Solution to network access packet loss of Tencent cloud international ECS

2022-06-25 00:23:00 【87cloud】

This article mainly introduces the main reasons that may cause packet loss in ECs network access , And corresponding troubleshooting 、 resolvent . Let's talk to 87cloud Learn about the solutions to the problem of network access packet loss of Tencent cloud international ECs ：

Possible causes

The possible causes of packet loss in ECs network access are as follows ：

Caused by triggering speed limit TCP Packet loss
Caused by triggering speed limit UDP Packet loss
Trigger soft interrupt packet loss
UDP Send buffer full
UDP Receive buffer full
TCP Full connection queue full
TCP Request overflow
The number of connections has reached the maximum
iptables policy Set relevant rules

Prerequisite

Log in to the instance before locating and handling the problem , For details, see Sign in Linux example And Sign in Windows example .

Fault handling

Caused by triggering speed limit TCP Packet loss

ECS instances have multiple specifications , And different specifications have different network performance . When the bandwidth or packet volume of the instance exceeds the standard corresponding to the instance specification , It will trigger the speed limit on the platform side , Cause packet loss . The troubleshooting and handling steps are as follows ：

Check the bandwidth and packet volume of the instance .
Linux Instance executable sar -n DEV 2 Command to view bandwidth and packet size . among ,rxpck/s and txpck/s The indicator is the number of packets sent and received ,rxkB/s and txkB/s The indicator is the transceiver bandwidth .
Compare the obtained bandwidth and packet size data Example specifications , Check whether the instance specification and performance bottleneck are reached .

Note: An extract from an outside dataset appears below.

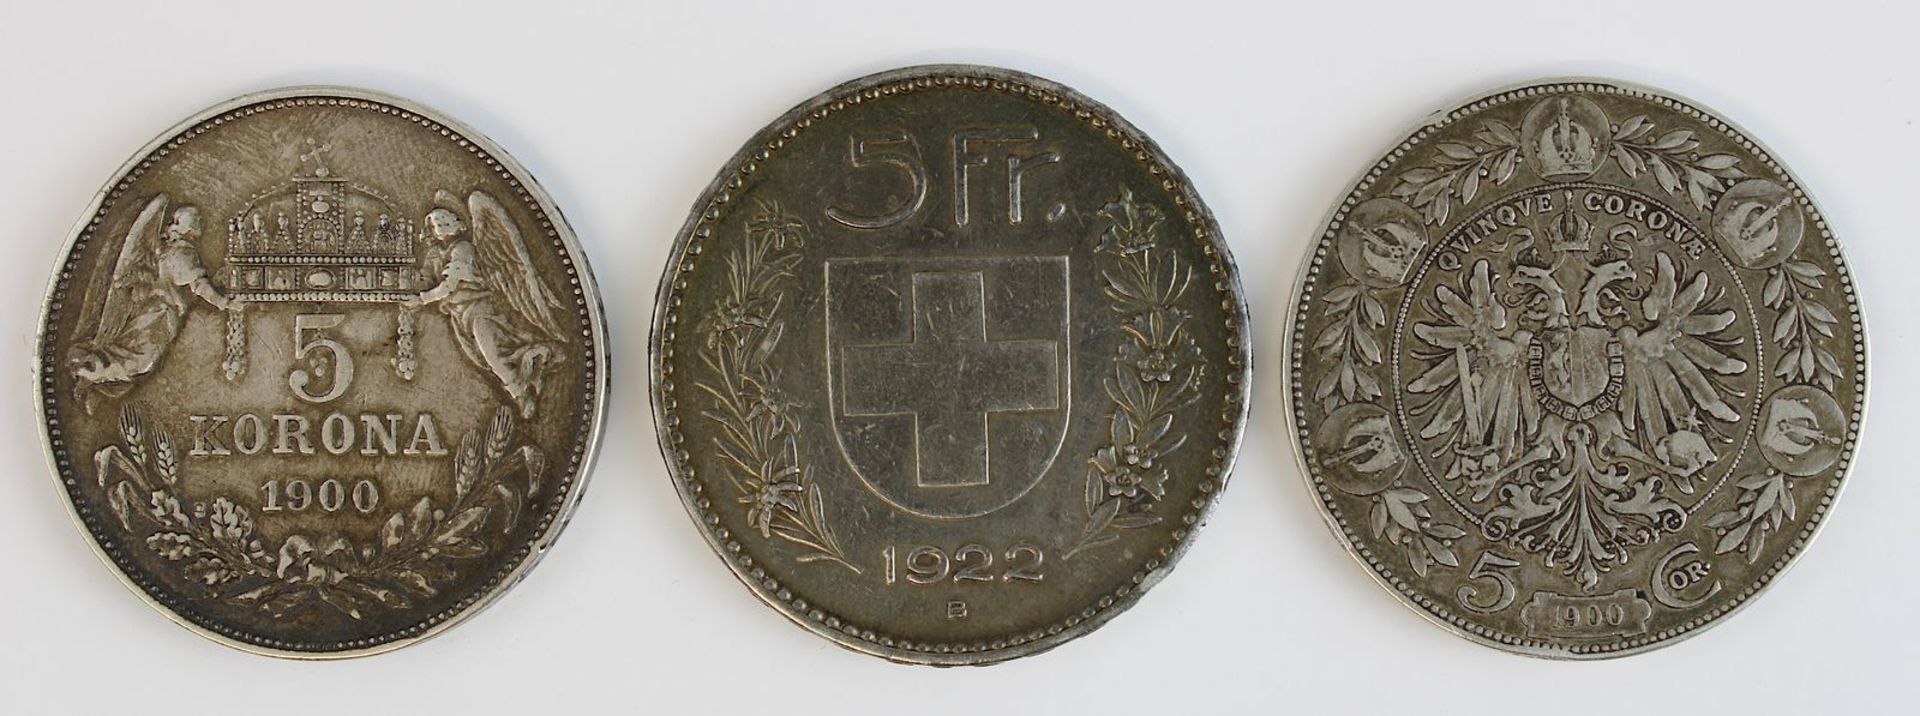 Drei Silbermünzen, Österreich/Ungarn und Schweiz, 1900 - 1923: Münze zu 5 Kronen, Österreich 1900, - Image 2 of 2

yes , You need to upgrade the instance specification or adjust the business volume .
no , If the instance specification is not reached, the performance bottleneck , You can go through Submit work order Further positioning processing .

Caused by triggering speed limit UDP Packet loss

Reference resources Caused by triggering speed limit TCP Packet loss step , Judge whether the packet loss is caused by the performance bottleneck of the instance specification .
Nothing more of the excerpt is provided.